The White House’s health reform plan is up at WhiteHouse.gov, or you can take a peek here. This represents a compromise document, one prepared to pass by using the Senate bill as a base and making changes that the Administration thinks could pass through the reconciliation process if need be, “informed by the process” that has already taken place of the House and Senate bridging their differences, according to WH communications director Dan Pfeiffer.

What’s in this bill that differs from the Senate bill? Let’s take the main pieces:

• Affordability. The subsidies improve upon the Senate bill, particularly at the low end, but also between 250-400% of poverty, where the maximum amount of income paid out of pocket as in insurance premium dips from 9.8% to 9.5%. The actuarial value also increases at the low end slightly, from 133% to 250% of poverty. For instance, instead of a 70% actuarial value at 250% of poverty, the number rises to 73%. These are cosmetic but tangible changes upward from the Senate bill.

• Donut hole. The donut hole, where Medicare Part D subscribers pay out of pocket for prescription drugs above a certain amount, would now get closed by this legislation.

• Community health centers. Bernie Sanders worked hard to get close to $10 billion in additional funding for community health centers, some of the most efficient money in the entire bill, offering universal coverage to low-income community residents. The House bill allocated $12 billion for CHCs. The compromise proposal sets the number at $11 billion.

• Rate review: This is the Health Insurance Rate Authority proposal from Sen. Feinstein that I mentioned last night. Again, I cannot see how this becomes germane through a reconciliation process. I asked Dan Pfeiffer today if they took that into account when crafting the proposal, and he said they did, although he added that “These calls are made by Senate parliamentarian.” In other words, this piece may get flagged by the parliamentarian, in which case the Senate could vote on waiving the Byrd rule, which would take 60 votes to overcome. That could be the plan, to force a clean vote for Republicans between the people and the insurance industry. This part of the bill would also require states that do not currently conduct rate review to do so.

• Losing the Cornhusker Kickback. The bill cancels the Nebraska deal to pay out their expansion of Medicaid coverage in perpetuity. However it adds serious assistance to states for the expansion, adding a year to cover the full cost (until 2014), upping funding to 95% through 2018 and 90% thereafter, with more money for states that already have expanded their coverage. Basically, the “unfunded mandate” of expanding Medicaid is extremely small. While this does not just take over Medicaid funding as a federal concern (which it should), it goes pretty far in that direction.

• Excise tax. Essentially, the changes mirror the deal already worked out between the White House and labor to tweak the excise tax, although the bill raises the threshold for the excise tax all the way up to $27,500, higher than previously suggested. Nothing in the excise tax exempts collectively bargained plans – the changes specifically for labor now apply to all plans. This will allow the tax to, in the words of Jason Furman of OMB, “focus on the costliest plans, not the costliest workers.”

• Individual and employer responsibility. To make up some of the money from the tweaks to the excise tax, increase in FMAP funding for states and the improved affordability credits, the bill adds a variety of provisions. One of the ways is by increasing the penalties for the individual mandate and the employer responsibility. The hard dollar amounts are actually smaller for the individual mandate, but the percentage of income has increased. Basically it adopts the percentages from the House bill. The “hardship” exemption on affordability, exempting those who cannot find coverage that costs a certain percentage of income, remains.

On employer responsibility, the penalties are jacked up significantly, though there’s an exemption for the first 30 employees). The penalty goes from $750 per worker to $2,000.

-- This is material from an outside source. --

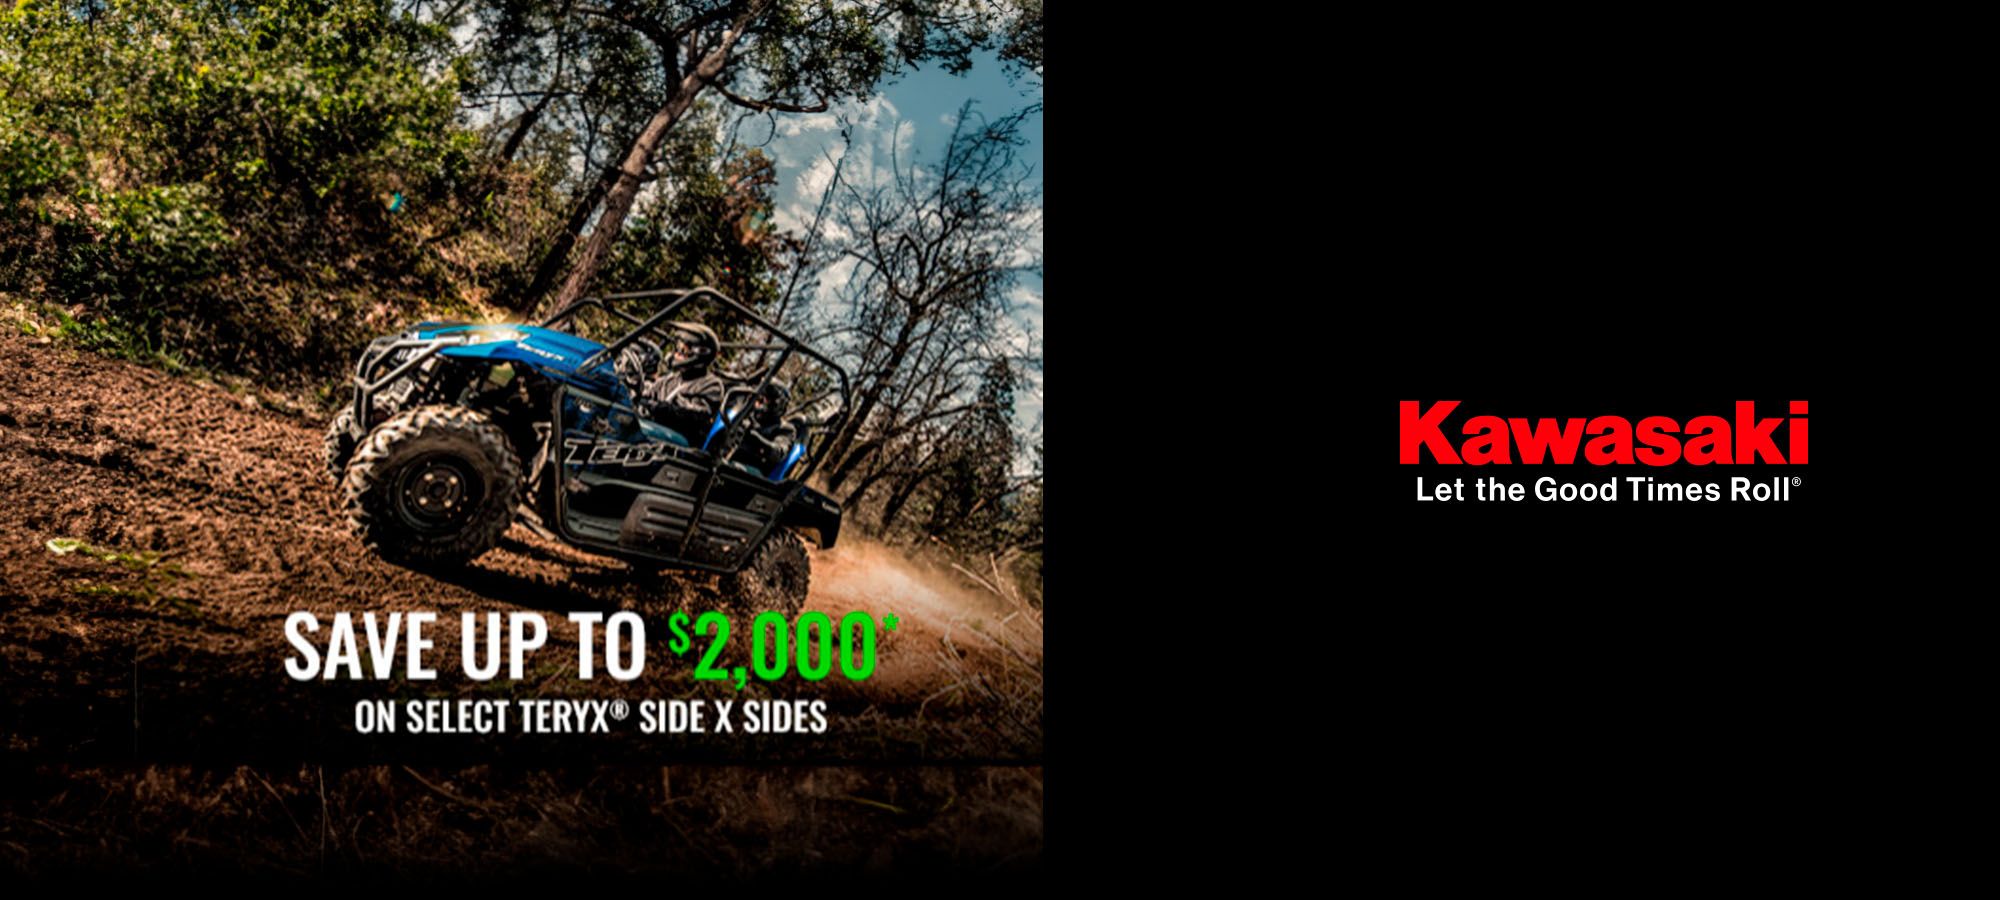 Kawasaki US - Save Up to $2,000* On Select Side X Sides at Martin Moto
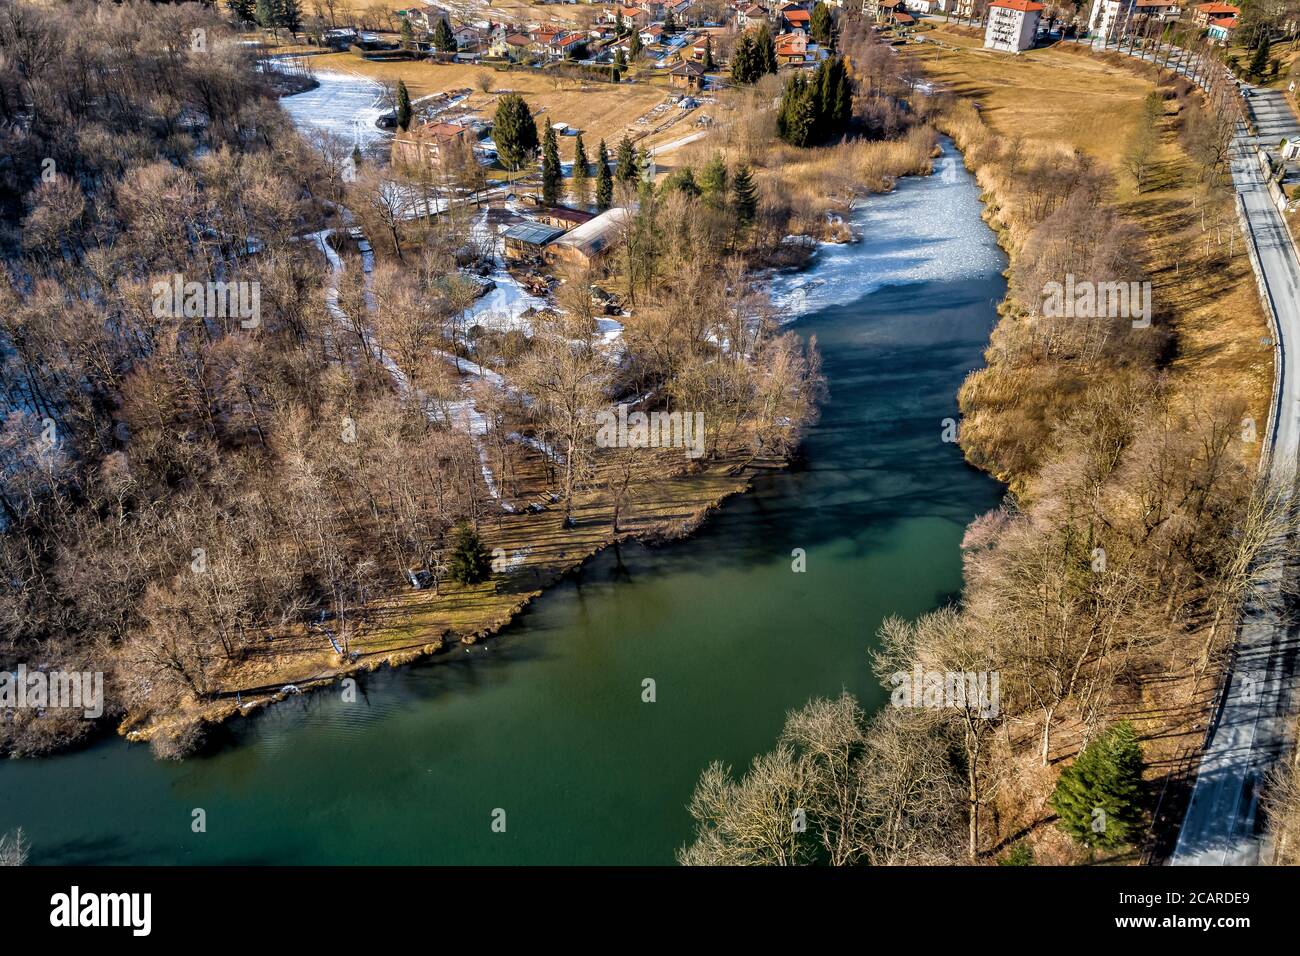 Vue aérienne du petit village et du lac de Brinzio sur valey Rasa en hiver, province de Varèse, Italie. Banque D'Images

• Waste, fraud and abuse in Medicaid/Medicare. Basically they adopt a bunch of Republican proposals from old bills to crack down on waste, fraud and abuse in public health programs.

• Other offsets. There are increased savings through lower Medicare Advantage payments (basically, lower subsidies to private insurers to run that program). They’ve added an extra $10 billion in givebacks from branded pharmaceuticals (basically increasing the givebacks in the PhRMA deal). They’ve extended the Medicare HI (Hospital Insurance) tax, the payroll tax for Medicare, onto unearned income, and increased it for high-income earners – there’s even a 2.9 percent assessment on dividend and capital gains income. And the “black liquor” exclusion is included, along with a provision ending certain tax shelters.

That’s most of the important provisions in the bill. This supplement would then get tacked on to the Senate bill, presumably through a reconciliation sidecar, and passed as an overall comprehensive piece. The total bill, the White House calculates, would cost $950 billion, an increase over the House and Senate bills as well as Obama’s former baseline number, and would be fully offset.

You’ll notice I’ve left off the public option. It’s not in this bill. Neither is any change beyond the Senate bill of the abortion funding provisions.